(Bloomberg) -- Capital One Financial Corp. will eliminate overdraft and non-sufficient fund fees for consumer-banking customers starting next year, joining a growing number of U.S. banks to ditch the practice. 

Most customers will still be allowed to spend more than they have in their accounts, but that service won’t come with a fee, Chief Executive Officer Richard Fairbank said in a memo to staff on Wednesday. Customers will have to opt into the service and must show a pattern of steady deposits to access it. 

“We will look at customers’ behavior to make sure they don’t overdraft frequently,” Fairbank said in the memo. “We don’t want our customers becoming reliant on spending money that they don’t have.”

As the country’s sixth-largest retail bank, Capital One is the biggest yet to make such a move. It follows a similar announcement from Ally Financial Inc., while the U.S. arm of Banco Santander SA said last month it will stop charging fees on overdrafts of $100 or less. 

A typical overdraft fee is about $35. The charges are assessed if a customer spends more than they have in their checking account and the bank temporarily covers the difference -- a service that generated roughly $15 billion a year for U.S. banks before the pandemic. The practice has drawn ire from regulators and lawmakers alike. 

Frequent users of overdraft protection -- consumers who use the service one or more times in a month -- now account for more than half the profitability of mass-market checking accounts, according to the consultancy Oliver Wyman Inc. That means lower-income consumers often subsidize the free checking accounts used by their wealthier counterparts.

“If Capital One can do this, other banks can do this,” Lauren Saunders, associate director or the National Consumer Law Center, said in an interview. “I certainly hope that other banks will follow Capital One’s lead and get rid of these abusive fees.”

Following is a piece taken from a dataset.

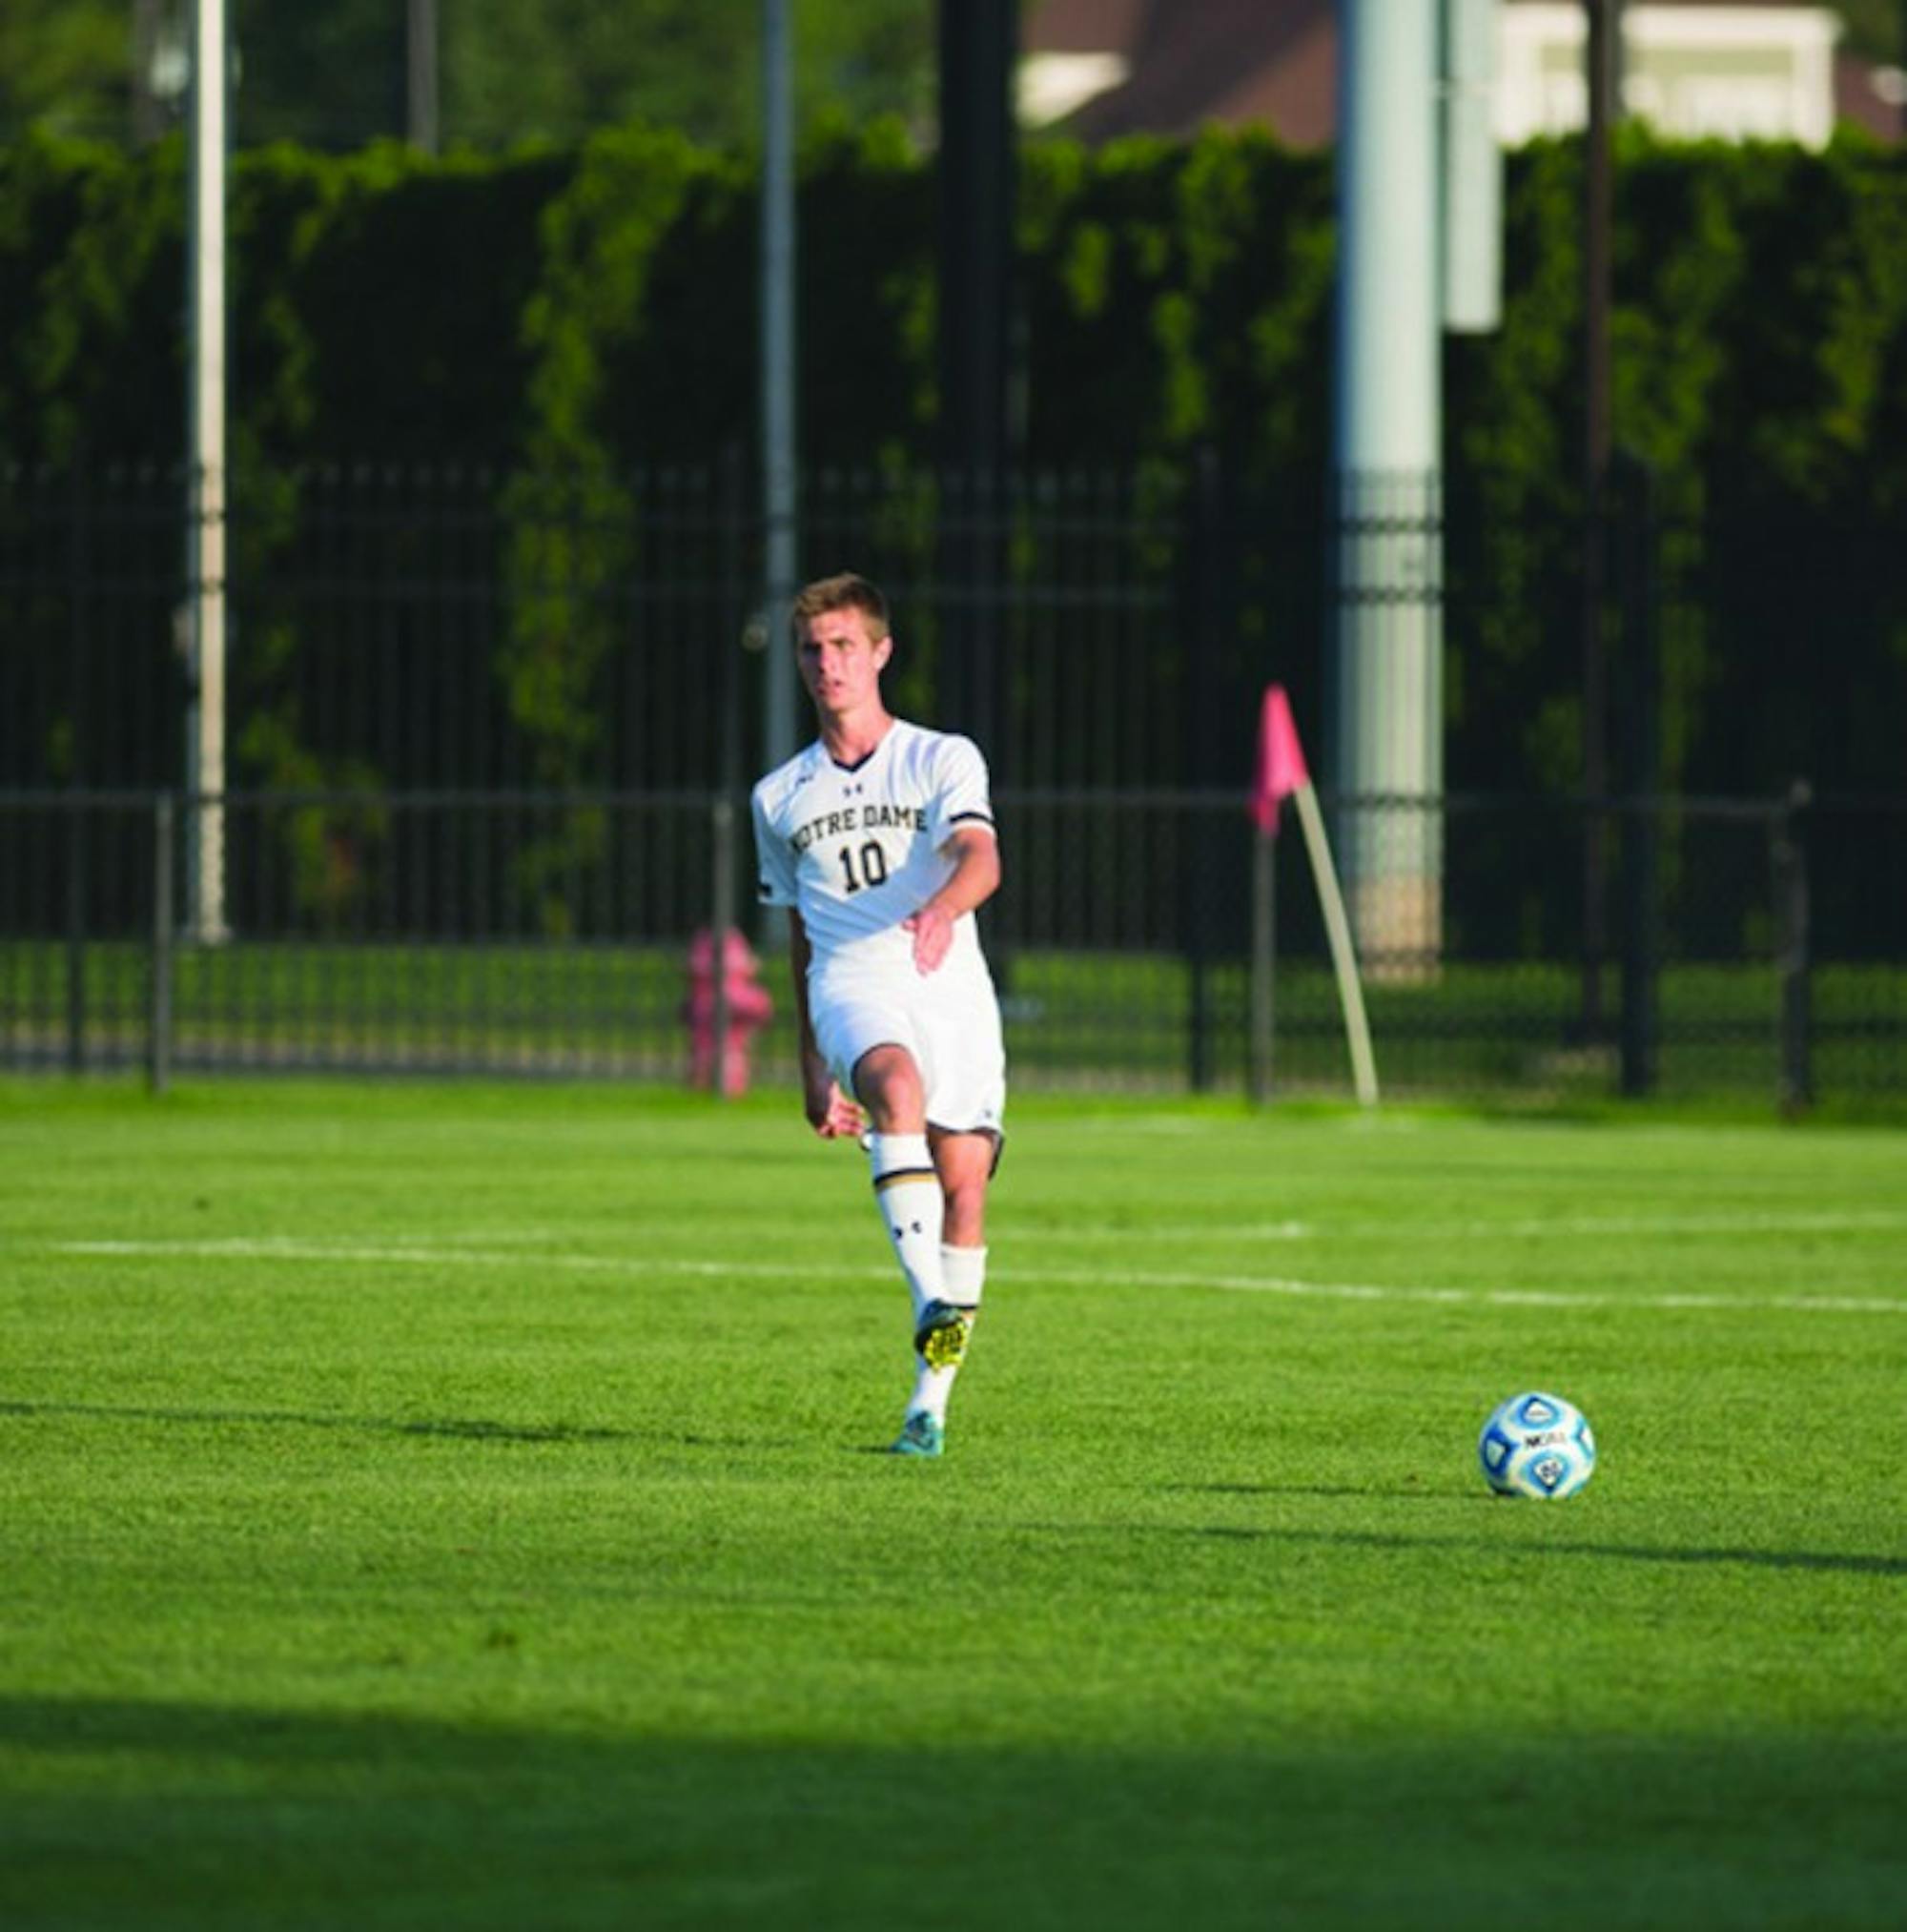 Irish sophomore defender Brandon Aubrey sends a pass in a 1-0 loss to Kentucky on Sept. 8. Aubrey has started all five matches for Notre Dame this season and has tallied one goal and three shots.

Industrywide overdraft revenue had been steadily rising for years before the pandemic. Last year, though, it plummeted as consumers curbed spending while they remained under lockdown orders and banks offered waivers on the fees to customers affected by Covid-19.

Capital One said the move is likely to cost $150 million a year in revenue. The firm collected $93 million in overdraft-related service charges last year, according to filings with regulators. That compares with the $1.46 billion at JPMorgan Chase & Co. and $1.11 billion at Bank of America Corp.

“Over the years we have taken our own path,” Fairbank said. “We have capped fees, waived fees and introduced grace periods for consumers to turn their balances positive before fees are assessed. Our fee levels are at the far low end of the industry. But we aren’t done yet. We are going to zero.”